Магистратура
2022/2023
Компьютерный анализ текстов: продвинутый уровень
Лучший по критерию «Полезность курса для Вашей будущей карьеры»
Лучший по критерию «Полезность курса для расширения кругозора и разностороннего развития»
Лучший по критерию «Новизна полученных знаний»
Статус:
Курс обязательный (Анализ данных для государства и общества)
Направление:
41.04.04. Политология
Кто читает:
Департамент социологии
Где читается:
Санкт-Петербургская школа социальных наук
Когда читается:
2-й курс, 1 модуль
Формат изучения:
без онлайн-курса
Охват аудитории:
для своего кампуса
Преподаватели:
Кольцов Сергей Николаевич
Прогр. обучения:
Анализ данных для государства и общества
Язык:
английский
Кредиты:
3
Контактные часы:
24
Course Syllabus
Abstract
This course covers a wide range of machine learning algorithms for textual data analysis. The first part of the course deals with preprocessing procedures for text data, which include lematizers for different languages, procedures for vectorization of text data. This course also deals with the work of classifiers for textual analysis (and measures the quality of classifiers).
The second part of the course focuses on the work of flat and hierarchical topic models (measures of quality: coherence, perplexity, loglikellyhood, stability, Renyi entropy). In addition, this course explores the concept of 'word embedings' for textual analysis (topic modeling).

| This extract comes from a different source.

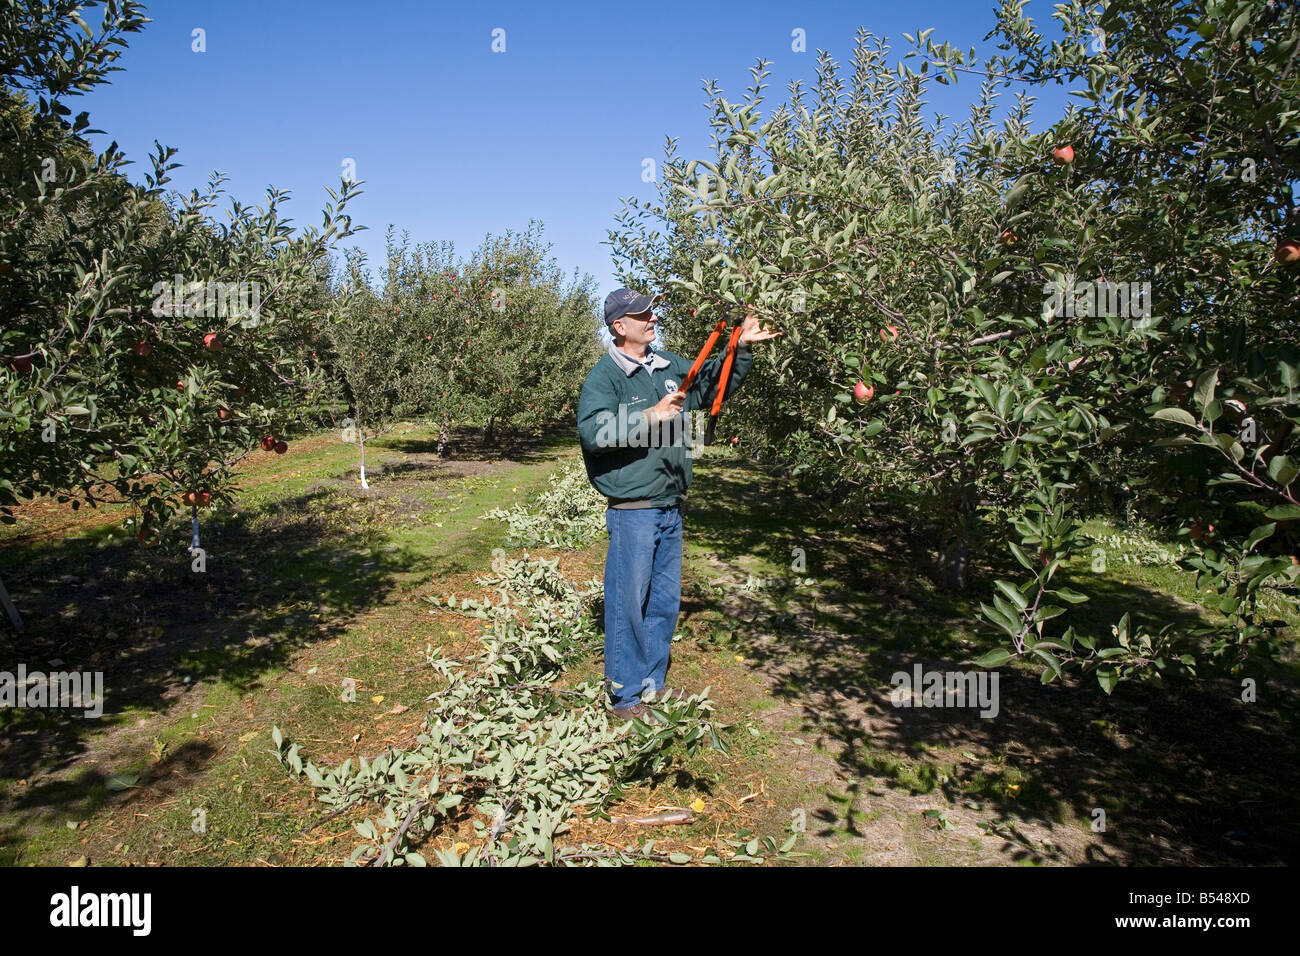 Worker Prunes Trees in Apple Orchard Stock Photo

In the third part of the course, the work with neural networks for textual data analysis based on the TensorFlow framework with the Keras add-in is considered. All the models discussed are provided with python scripts. At the end of the course students have to present their work on data analysis in the form of a presentation and scripts.
Learning Objectives
- Learn algorithms and their main advantages and limitations in terms of text data analysis
- Obtain skills to work with machine learning software / cod
- Be able to work with text data.
Expected Learning Outcomes
- Have skills to analyze textual data
- Analyze data with machine learning tools
- Do textual preprocessing (lemmatization and tokenization)
- Present the resulting project in terms of machine learning
- Visualize results of the analysis
Course Contents
- Objectives of text analysis - preprocessing, lematization-vectorization.

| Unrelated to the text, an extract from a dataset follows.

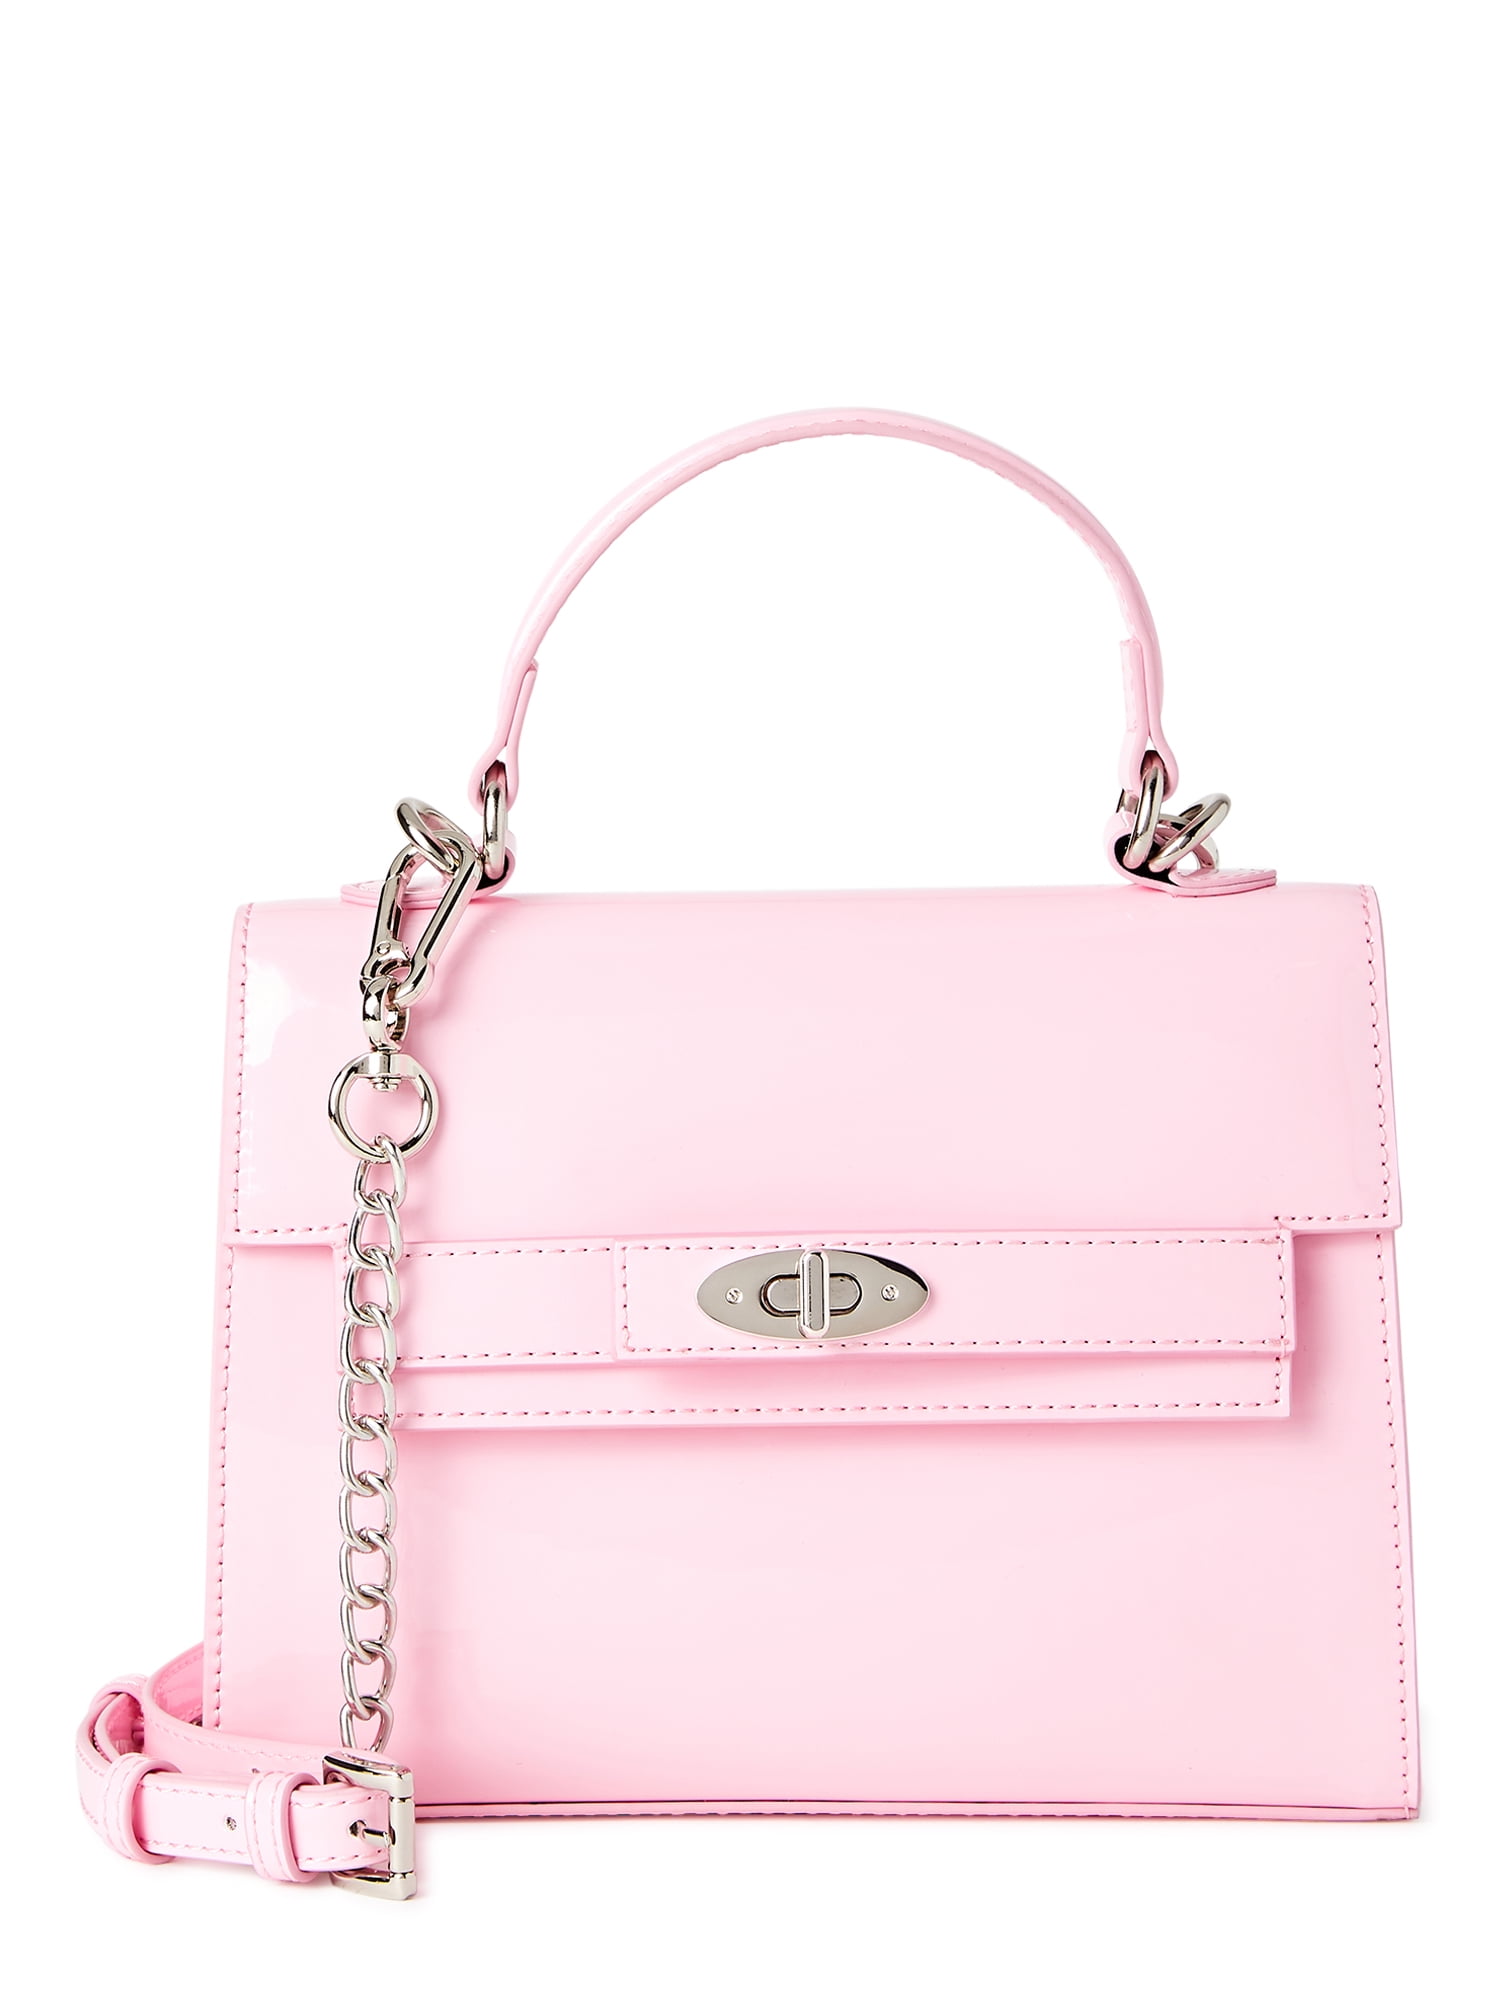 Madden NYC Women's Boxy Top Handle Bag Light Pink

- Overview of classical classifiers such as KNN, Random Forrest, SVM
- Bayesian classification for sentiment analysis or topic definition.

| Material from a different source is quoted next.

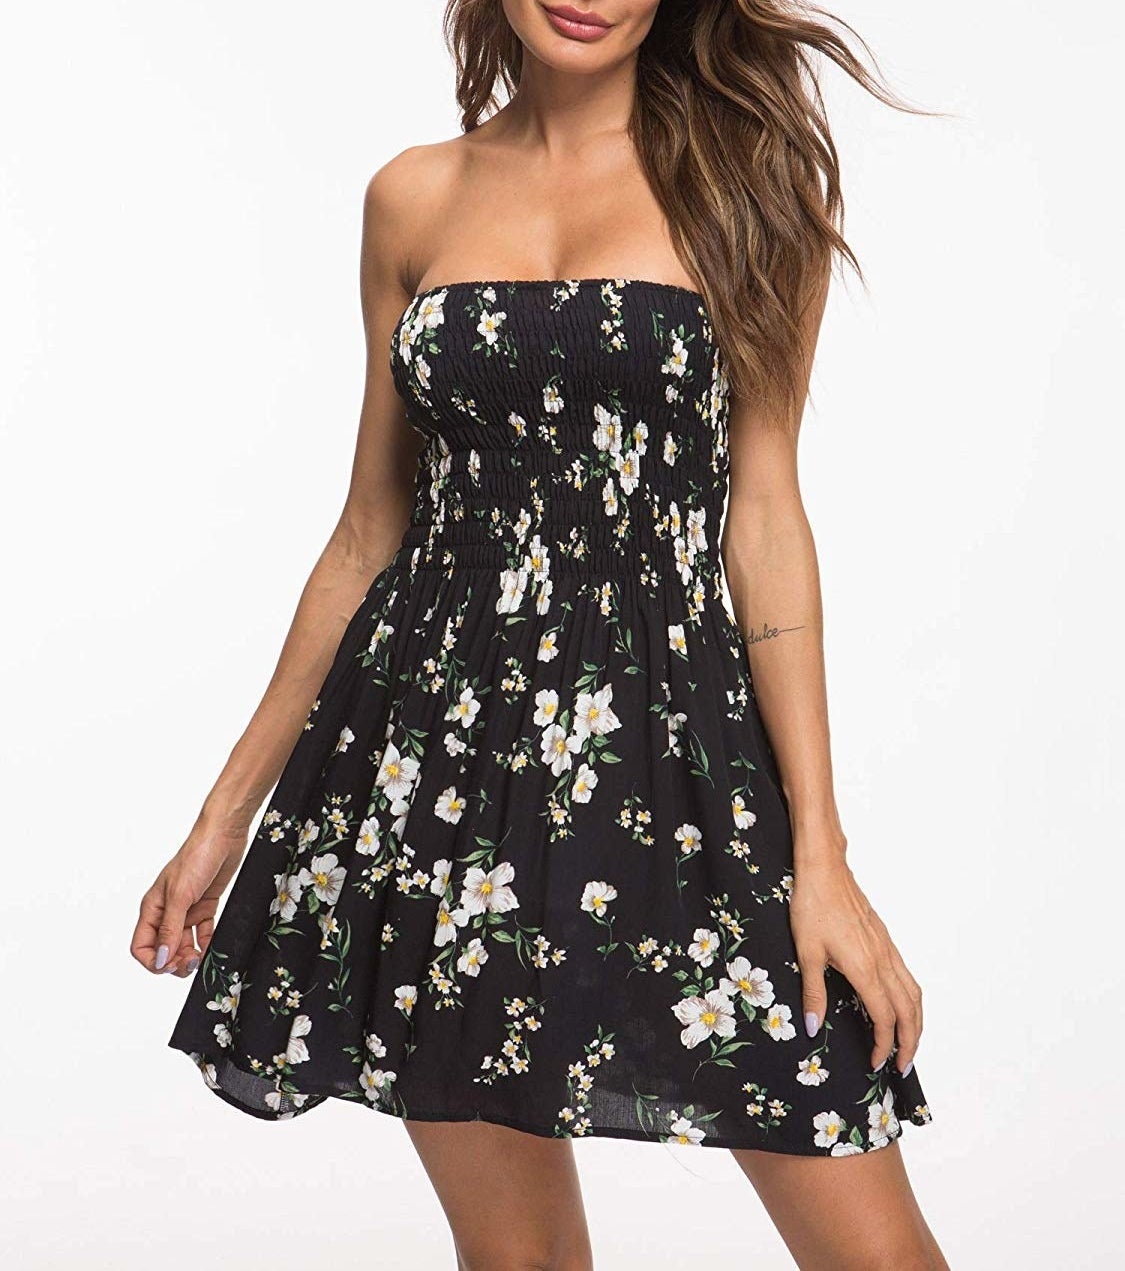 59 Super Cute Pieces Of Clothing You'll Wish You Added To Your Closet ...

- Topic modeling (plane), quality metrics (Coherence, Perplexity, Loglokellyhood, stability, Renyi entropy), review of some libraries.
- Topic modeling (hierarchical models, discussion of problems).
- Embedings (gensim), what are word embeddings, how to work with words embedings.
- Topic models with embedings (ETM, GLDAW).
- Introduction to neuron networks (Tensorflow, keras) - the basics of working with Keras, an overview of some neural networks.
- Preprocessing of text data for neural networking.
- Working with recurrent neural networks for textual analysis.
- Working with LSTM neural networks for textual analysis.
- Model with multiple outputs (heads).
- Presentation of student work.
Assessment Elements
- ExamThe exam is a competition (hakaton) to develop the best model of sentiment analysis for the Russian-language text. The essence of the competition is as follows. At the end of the first part of the course a Russian-language dataset with sentiment scores will be given. Students must train their classification models on this dataset. A week before the exam, students will receive the second part of the dataset, which they must use to test the models they have learned. On the exam, students give a presentation on their models. The grade for the presentation depends, first, on the level of presentation. Second, the grade depends on the results obtained (level of model learning and number of models).
- Homework
Bibliography
Recommended Core Bibliography
- Sebastian Raschka, & Vahid Mirjalili. (2019). Python Machine Learning : Machine Learning and Deep Learning with Python, Scikit-learn, and TensorFlow 2, 3rd Edition. Packt Publishing.
Recommended Additional Bibliography
- Miroslav Kubat. (2017). An Introduction to Machine Learning (Vol. 2nd ed. 2017). Springer.